CS Summer Research Projects - 2022

CS+ 2022 Symposium and Poster Session

The CS+ summer program held an in-person symposium to conclude the undergraduate research program on July 29, 2022. CS+, Data+, Code+ and Climate+ Programs also held a poster fair on July 29 to celebrate the results of over 100 talented Duke undergraduate students who participated in undergraduate research projects this summer. Nearly 50 posters were displayed at this culminating event, and more than 2/3 of the participating students study CS. 
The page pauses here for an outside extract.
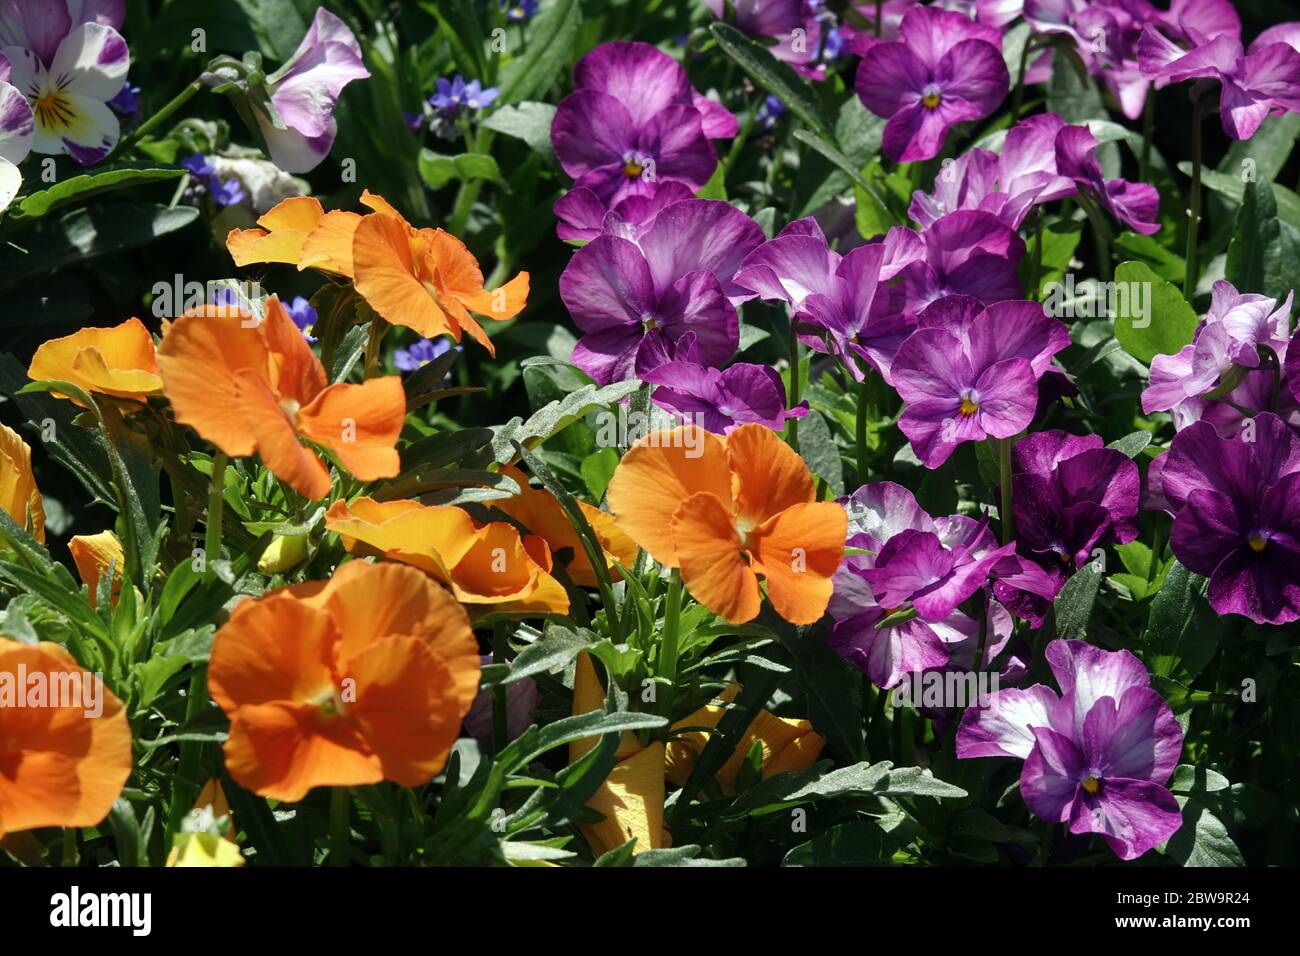 Pansies and violets, Violas in garden flower bed Orange pansies Stock Photo

Presentation posters and project descriptions for CS+ 2022 Summer Projects are available below.

ML Edge Workflow

Leads: Danyang Zhuo, Matthew Lentz

Participating Students:

Alex Du

Alex Du
I'm a rising junior from Hong Kong majoring in computer science and economics and minoring in Math. I'm interested in research and I hope to pursue a Ph.D. in computer science or economics after graduating.

 

 

Ajay Krishnamurthy

Ajay Krishnamurthy
I am a rising sophomore from Chapel Hill, North Carolina, studying computer science. I'm interested in pushing the boundaries of machine learning and its intersection with bioinformatics. I also enjoy sports analytics and love to watch and play sports in my free time.

 
 

Aining Liu

Aining Liu
I'm Aining Liu, an international student from Beijing, China. I'm a rising junior majoring in Computer Science and Mathematics. I'm interested in operating system/distributed system and the design of datacenters that enable modern cloud computing and data-intensive workloads. After graduation, I intend to pursue a Ph.D. in related fields. In my free time, I enjoy playing the piano (Huge Chopin & Liszt fan!), riding roller coasters, and all kinds of puzzle games.
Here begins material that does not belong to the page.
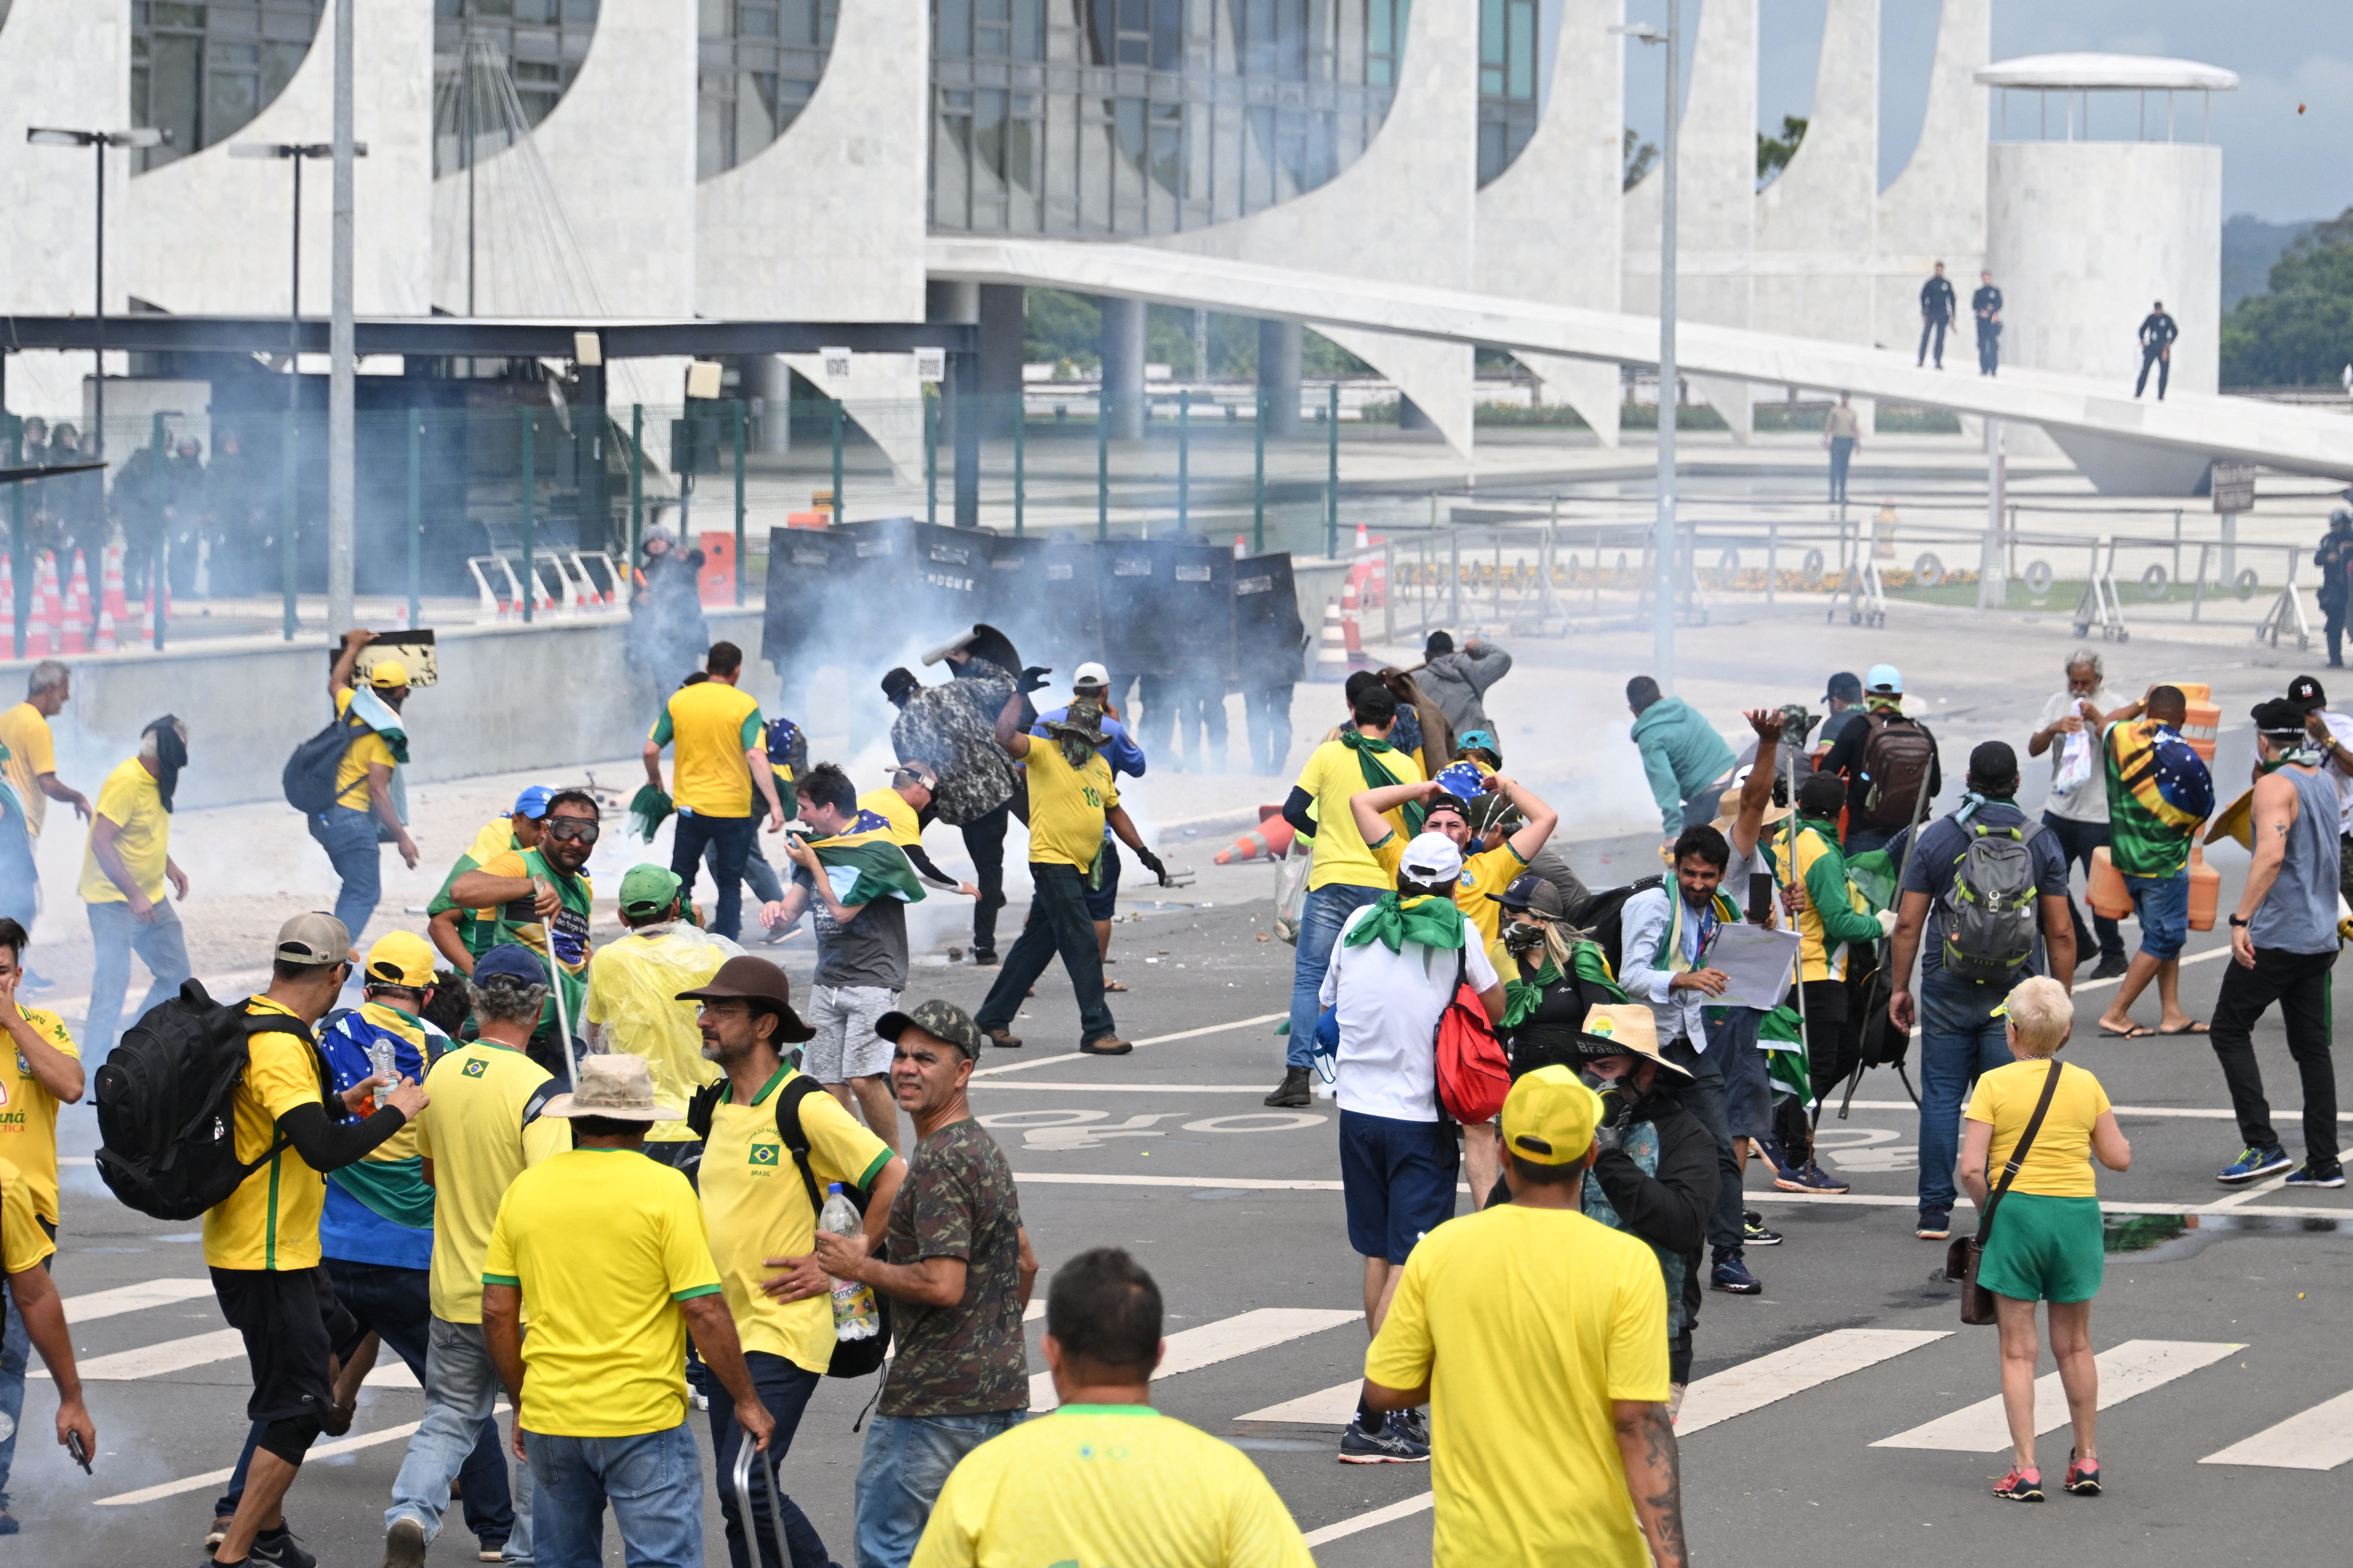 How the Brazil National Football Team Came to Symbolize Jair Bolsonaro

Description: There is growing interest in deploying machine learning models on the edge of the Internet, including distributed video analytics and IoT. Our project’s goal is to enable efficient ML workflow serving on the edge. Given a workflow of ML models, our optimization framework decides which components should be deployed at the sensor, on the edge, or in the cloud. The decisions have to take into consideration the computation power of edge devices (e.g., cellphone, camera, edge servers) and the required amount of edge-cloud communication. In addition, the optimization framework may transform the workflow to enable better decomposition and deployment of components on the computing infrastructure. This project is a hybrid of both theory and practice; it involves both algorithm design along with implementation of the algorithms to evaluate their performance on real-world workloads. Our existing framework consists of a simple, yet powerful, optimizer. We need to invent optimization algorithms to further enhance ML model placement. We also need to build an end-to-end system to support running of complex ML workflows.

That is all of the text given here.